Karl Jaspers coined the term "Axial Age" to describe a period from around 800 to 200 B.C. in which several thinkers arose in both the East and West who laid the groundwork for the world religions we know today. These include Confucius, Siddhartha Gautama, Lao Tzu, Mahavira, Zoroaster, Socrates, Plato, Aristotle, the great Hebrew prophets such as Isaiah and Jeremiah, and the authors of the Upanishads. Amid the myriad of views expressed by these thinkers, there was a common thread linking them together, described by Aldous Huxley as the "perennial philosophy." The perennial philosophy was essentially a binary system: good and evil, masculine and feminine, yin an yang, spirit and matter. There is also a sense of timelessness to these categories.
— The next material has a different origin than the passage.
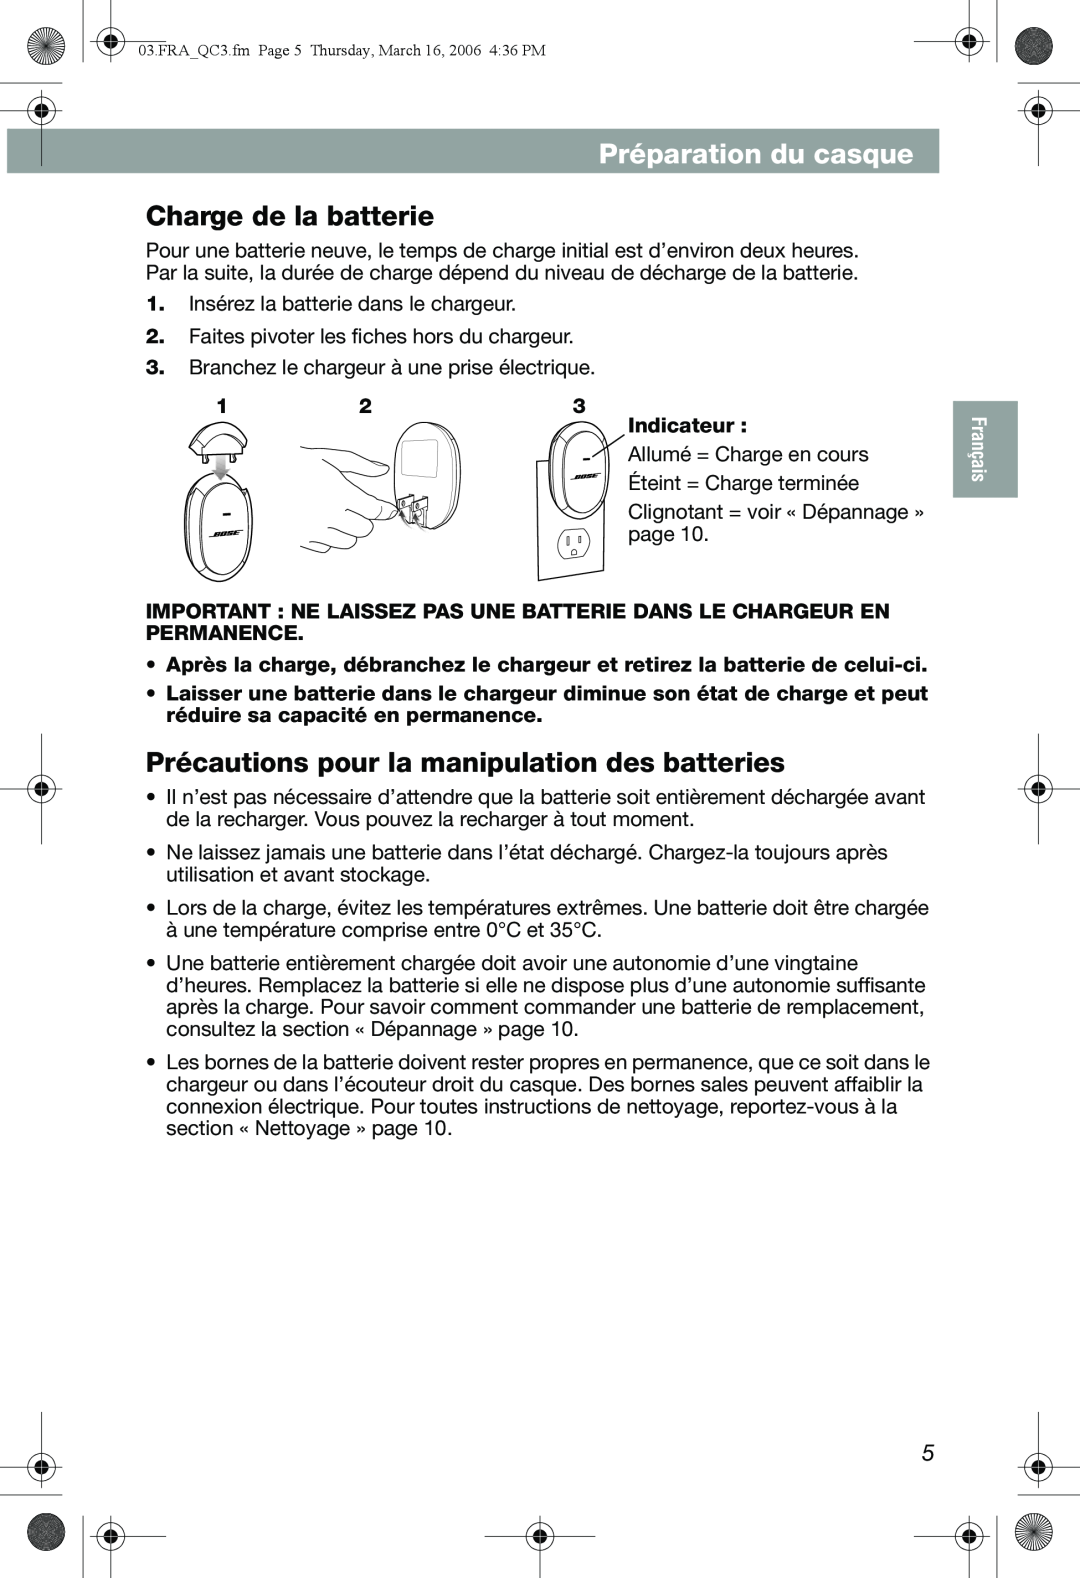 Bose QuietComfort 3 manual Préparation du casque, Charge de la batterie, Précautions pour la manipulation des batteries

The perennial philosophy is essential an atemporal worldview, where the passage of time is an illusion brought about by our finite existence, as opposed to the infinite reality that lay beyond the world of experience. The goal is to ascend our earthly bounds and seek the infinite unmanifest from which we have descended. The density of matter is contrasted with the lightness of spirit, so that as embodied, material beings, we are distant from spirit. Our bodies are a kind of prison, as it were.

Christianity absorbed much of this philosophy in the form of Neoplatonism, in which the manifest world emanates down from the perfection of spirit. However, this has never quite fit, and much of Christianity's turbulent history can be understood as a result of trying to fit a trinary system into a binary metaphysics. The deep intuition behind the Trinity was a powerful force trying to break itself free.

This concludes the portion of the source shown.